Los talibanes no desaparecieron bajo la presión estadounidense y se dispersaron por otras regiones, como la zona fronteriza con Pakistán. Patricia Gossman, investigadora de Human Rights Watch (HRW) para Afganistán, explica que la derrota inicial de los talibanes a finales de 2001 fue de corta duración. La insurgencia pronto revivió cuando la administración Bush enfocó sus recursos y atención en Irak y Karzái administró un gobierno profundamente sumido en la incompetencia y la corrupción.

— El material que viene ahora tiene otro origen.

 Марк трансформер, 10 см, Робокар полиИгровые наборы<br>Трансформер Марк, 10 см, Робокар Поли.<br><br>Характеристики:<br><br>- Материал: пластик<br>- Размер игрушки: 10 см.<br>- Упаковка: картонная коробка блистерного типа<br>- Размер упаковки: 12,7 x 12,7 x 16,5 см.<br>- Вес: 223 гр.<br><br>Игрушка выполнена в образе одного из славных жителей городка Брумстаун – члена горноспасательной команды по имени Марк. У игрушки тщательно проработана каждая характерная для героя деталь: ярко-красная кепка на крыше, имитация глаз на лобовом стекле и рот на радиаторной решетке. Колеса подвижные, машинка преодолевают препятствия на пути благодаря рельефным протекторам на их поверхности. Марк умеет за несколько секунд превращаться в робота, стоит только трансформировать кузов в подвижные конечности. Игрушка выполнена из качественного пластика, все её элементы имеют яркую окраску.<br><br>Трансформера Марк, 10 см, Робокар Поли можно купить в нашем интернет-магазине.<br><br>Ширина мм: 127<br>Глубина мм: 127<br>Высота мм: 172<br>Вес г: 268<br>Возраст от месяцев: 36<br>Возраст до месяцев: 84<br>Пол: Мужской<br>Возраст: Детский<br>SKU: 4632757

“Los talibanes ganaron algunos reclutas entre quienes creían que el gobierno afgano era corrupto y abusivo y entre los que se resistían a la presencia de fuerzas extranjeras, algunas de las cuales también fueron responsables de graves abusos contra los derechos humanos”, dice Gossman. Hoy, este movimiento fundamentalista es uno de los más grandes desafíos para la estabilidad del país; los afganos llevan más de tres décadas esperando un futuro sin violencia.
Las tropas estadounidenses pretendían liberar al país del yugo de los extremistas y traer estabilidad, democracia y libertad, pero Afganistán resultó casi en un Estado fallido, plagado de pobreza y con un lugar entre las cinco naciones más corruptas del planeta. La incapacidad estatal no ha permitido un censo que determine con exactitud el número de habitantes, que varía entre 26 y 32 millones, lo cual aumenta la ya amplia gama de posibilidades para el fraude electoral.

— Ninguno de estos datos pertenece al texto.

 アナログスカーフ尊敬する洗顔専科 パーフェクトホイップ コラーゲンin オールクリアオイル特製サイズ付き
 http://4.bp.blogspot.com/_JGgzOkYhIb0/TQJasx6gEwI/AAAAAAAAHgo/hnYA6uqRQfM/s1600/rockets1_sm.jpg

Ignacio Gutiérrez de Terán, profesor de estudios árabes e islámicos de la Universidad Autónoma de Madrid, explica que el gobierno central de Afganistán no controla la mayor parte del territorio. “Tampoco hay una economía centralizada y fuerte, por lo que hay un gran caos en la producción y control de las fuentes de riqueza, asuntos que derivan en el tráfico de drogas y economías alternativas. Hay incluso sectores del Ejecutivo que, debido a la incapacidad estatal para mantener el orden, se enriquecen con el tráfico ilícito”.

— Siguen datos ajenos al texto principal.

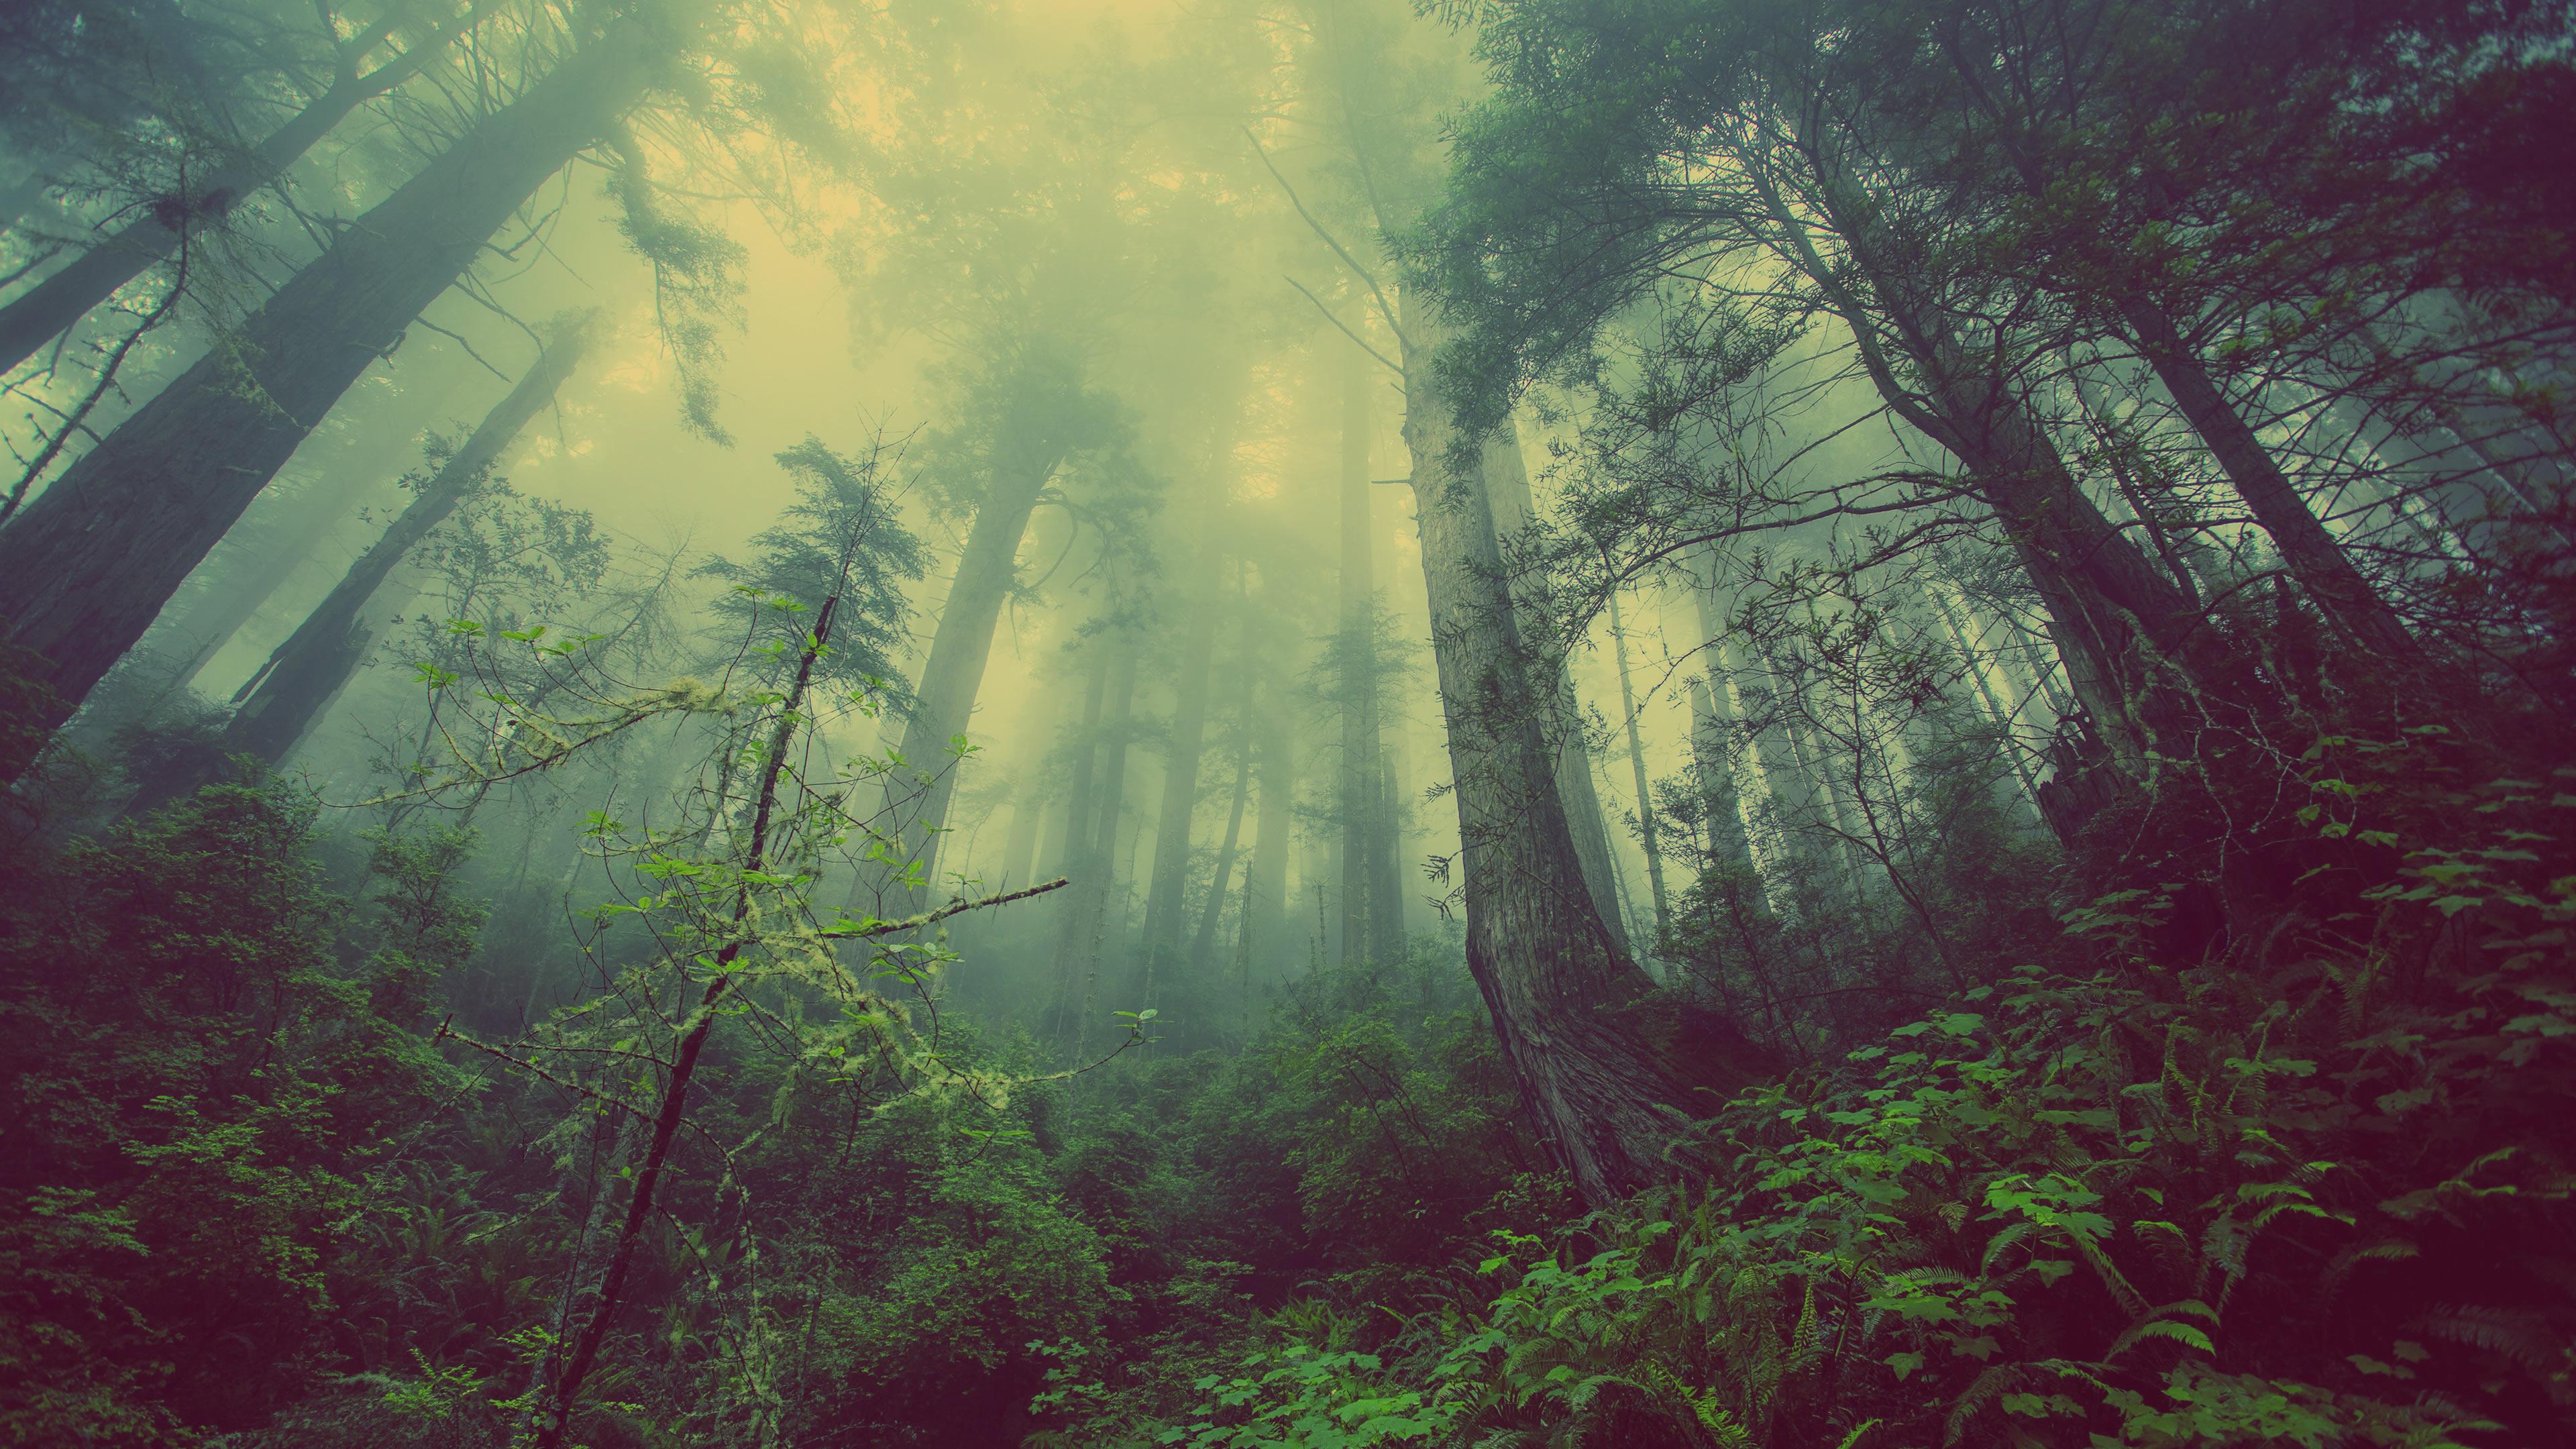 Deep Hazy Forest Wallpaper 3840x2160 ID57643 3840x2160

En medio de este caos, los talibanes se abren campo para imponer una ideología represiva y violenta. Este movimiento tradicional y fundamentalista islámico se tomó el poder a finales de los 90 y, después de ser desalojado parcialmente por EE.UU., ha retomado el control en varias zonas de la porosa frontera con Pakistán, país desde donde reciben financiación, según algunos informes de inteligencia. La organización, dividida en diversos grupos insurgentes, se ha negado a entrar en el juego político y ha acudido a la violencia como recurso para conseguir poder. Es extraño el día en que no se atribuya algún atentado.
Una conocida muestra de la expansión de los talibanes hacia la frontera con Pakistán fue el intento de asesinato de la joven paquistaní Malala Yousafzai, quien sobrevivió a un disparo por parte de un insurgente cuando iba en el bus hacia su escuela en la región de Swat. También las historias de mujeres lapidadas, ejecutadas, violadas, han ocupado las primeras planas de la prensa occidental. Las prácticas de los talibanes, que buscan justificarse en el islam, en realidad van mucho más allá de la ley coránica.
Dice Gossman que en los años recientes los crímenes más graves cometidos por los talibanes han sido los ataques indiscriminados contra la población civil, incluidos los ataques suicidas y el uso de artefactos explosivos improvisados, que han matado y herido a muchos afganos. Además han llevado a cabo asesinatos selectivos de civiles vinculados con el Gobierno.
El despliegue de más de 400.000 agentes de seguridad en el país no redujo la violencia en vísperas de las elecciones. El jueves, un suicida burló los controles de acceso al Ministerio del Interior, en el centro de Kabul, mató a seis agentes y dejó una decena heridos. Ayer, la fotoperiodista alemana Anja Niedringhaus murió tiroteada en una comisaría en el este del país, en un incidente en el que también fue herida la reportera canadiense Kathy Gannon. El hecho ocurrió en el distrito de Jost, fronterizo con Pakistán e infiltrado por los talibanes.
Resulta irónico que, después de la experiencia con la invasión estadounidense, los tres candidatos más opcionados para llegar a la Presidencia compartan la misma propuesta para acabar con el régimen talibán: firmar un acuerdo bilateral de seguridad con EE.UU., con el cual se permitiría conservar en Afganistán un número reducido de tropas, principalmente estadounidenses, después de que se complete este año la salida del grueso del contingente militar que hace trece años se instaló en el país para luchar contra el terrorismo. Con el acuerdo también llegaría una ayuda de US$4.000 millones, buena parte destinados a financiar las fuerzas de seguridad.